Now, what more static linking may give you in modern Windows versions. That is WinSxS folder Novadays Windows tends to keep multiple versions of each system DLL and your program may ask for the specific version of it (while in System32 folder there would be the most recent version that your program may be not get used to. Then you can make a special MANIFEST resource and compile it into EXE asking windows to load not DLLs not be name, but by name+version instead. You can replicaty that functionality with dynamic loading as well, but using Windows-provided toolset it is much easier.
Now you can decide which of those options do or do not have importance for your particular case and make somewhat better informed choice.
HTH.
I noticed the following about a library I use:
Library is compiled to .lib file.
My code needs to be compiled as Multi-threaded (Debug) DLL to link to this library.
I open the .sln (solution) file of the library (it is open source) and see the following in its Project properties:
Runtime Library option is set to Multi-threaded (Debug) DLL.
Configuration Type is set to Static Library (.lib)
My confusion is:
Isn't there a conflict in the library options above? (Static Library says one option, DLL says another)
What kind of an animal is a .lib that is dynamically linked? How is it different from a DLL?
Note that I am aware of the difference between static libraries and dynamic libraries in the Linux world.

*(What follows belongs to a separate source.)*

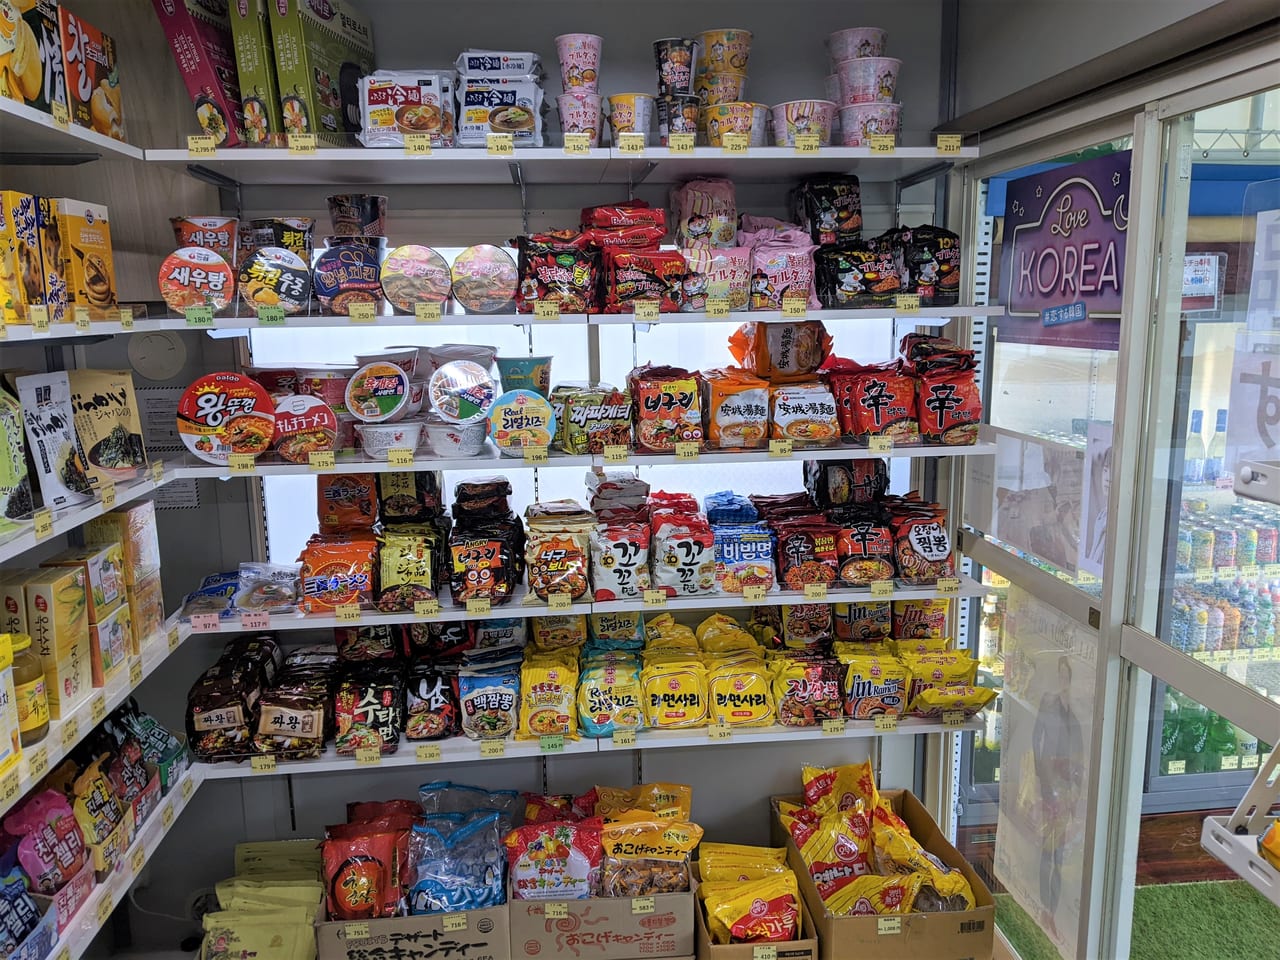 「韓国スーパーマーケット コレ」の店内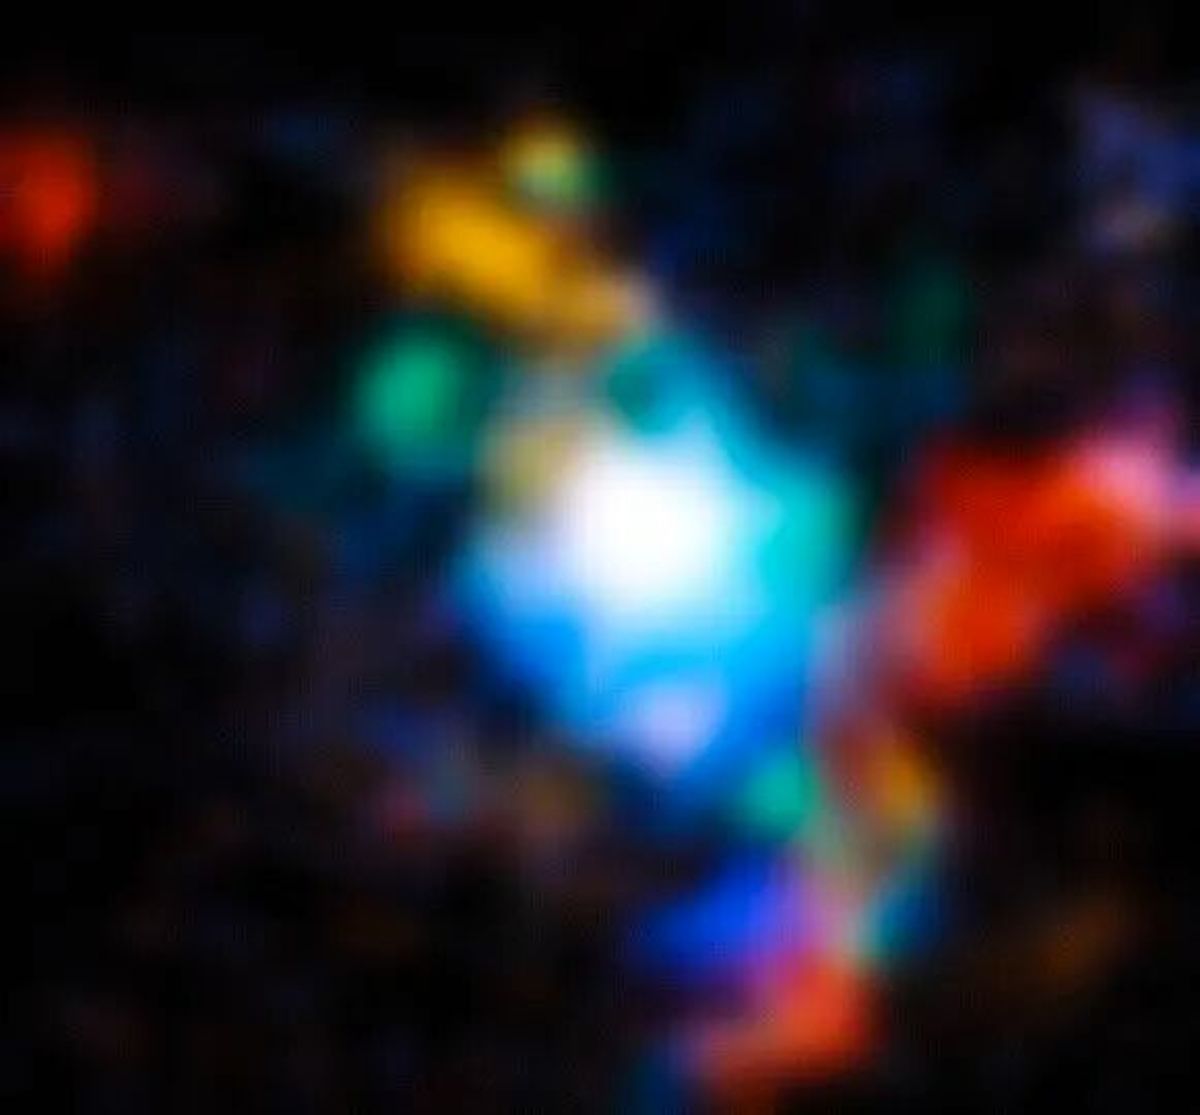 کشف یک خوشه کهکشانی شگفت انگیز در کیهان اولیه

The "RunTime Library" option isn't about YOUR library. It tells the compiler that you'll import your functions from MSVCRTxx.DLL at runtime.
The "configuration Type" option does refer to your library, and therefore is independent of the "RunTime Library" option.
A Windows DLL can be dynamically loaded with the LoadLibrary (or LoadLibraryEx) API, but then you have to find and bind each exported function to a function pointer using GetProcAddress or GetProcAddressEx. You'd better get the function signatures right, or Bad Things Will Happen, as usual.
A LIB file allows Windows to do all that for you when your EXE is started (including finding which DLL to use, and recursively loading dependent DLL's), linking the dynamic library statically at run time, while avoiding bloating your EXE file with the executable code, and allowing several processes to share the same DLL image in memory.
I don't know about the config mismatch, but a .LIB file when created with a .DLL library is an "export library" - it doesn't contain any code, but just the names of the callable functions and objects in the DLL. The linker uses this to satisfy references at link time which are finally resolved by dynamic loading at run-time.